Material shown >>

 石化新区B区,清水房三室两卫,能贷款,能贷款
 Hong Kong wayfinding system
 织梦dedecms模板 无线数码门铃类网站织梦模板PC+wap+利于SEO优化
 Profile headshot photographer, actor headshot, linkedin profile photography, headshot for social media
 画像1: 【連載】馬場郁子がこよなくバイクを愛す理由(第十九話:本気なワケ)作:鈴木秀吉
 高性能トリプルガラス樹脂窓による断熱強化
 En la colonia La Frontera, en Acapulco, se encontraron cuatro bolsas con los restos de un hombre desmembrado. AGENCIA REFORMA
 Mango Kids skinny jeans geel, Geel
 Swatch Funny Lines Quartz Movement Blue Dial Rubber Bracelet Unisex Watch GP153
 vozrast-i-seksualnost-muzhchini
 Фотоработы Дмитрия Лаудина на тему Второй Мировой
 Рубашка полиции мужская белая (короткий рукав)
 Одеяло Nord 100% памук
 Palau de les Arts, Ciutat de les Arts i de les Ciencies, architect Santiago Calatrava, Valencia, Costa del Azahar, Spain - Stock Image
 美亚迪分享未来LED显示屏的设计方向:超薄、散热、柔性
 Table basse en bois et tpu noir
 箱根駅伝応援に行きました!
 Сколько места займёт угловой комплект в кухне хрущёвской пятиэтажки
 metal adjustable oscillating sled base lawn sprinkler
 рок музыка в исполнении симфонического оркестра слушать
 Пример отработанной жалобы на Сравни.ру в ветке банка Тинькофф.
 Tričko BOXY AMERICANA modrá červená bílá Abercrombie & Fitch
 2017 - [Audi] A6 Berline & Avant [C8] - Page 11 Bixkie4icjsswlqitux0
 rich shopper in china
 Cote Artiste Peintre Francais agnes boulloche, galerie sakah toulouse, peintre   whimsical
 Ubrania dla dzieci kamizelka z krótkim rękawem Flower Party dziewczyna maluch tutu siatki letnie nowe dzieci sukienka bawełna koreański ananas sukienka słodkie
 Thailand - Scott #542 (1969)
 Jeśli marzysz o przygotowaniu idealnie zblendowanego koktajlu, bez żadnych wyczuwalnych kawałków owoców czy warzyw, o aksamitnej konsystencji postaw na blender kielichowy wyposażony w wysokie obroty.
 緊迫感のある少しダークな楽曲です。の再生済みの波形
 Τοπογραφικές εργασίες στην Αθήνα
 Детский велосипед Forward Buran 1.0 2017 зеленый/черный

Brief >> Could you transcribe the entries above word for word, from the line with "Одеяло Nord 100% памук" down to the line with "Сколько места займёт", keeping both?

Answer area >>
 Одеяло Nord 100% памук
 Palau de les Arts, Ciutat de les Arts i de les Ciencies, architect Santiago Calatrava, Valencia, Costa del Azahar, Spain - Stock Image
 美亚迪分享未来LED显示屏的设计方向:超薄、散热、柔性
 Table basse en bois et tpu noir
 箱根駅伝応援に行きました!
 Сколько места займёт угловой комплект в кухне хрущёвской пятиэтажки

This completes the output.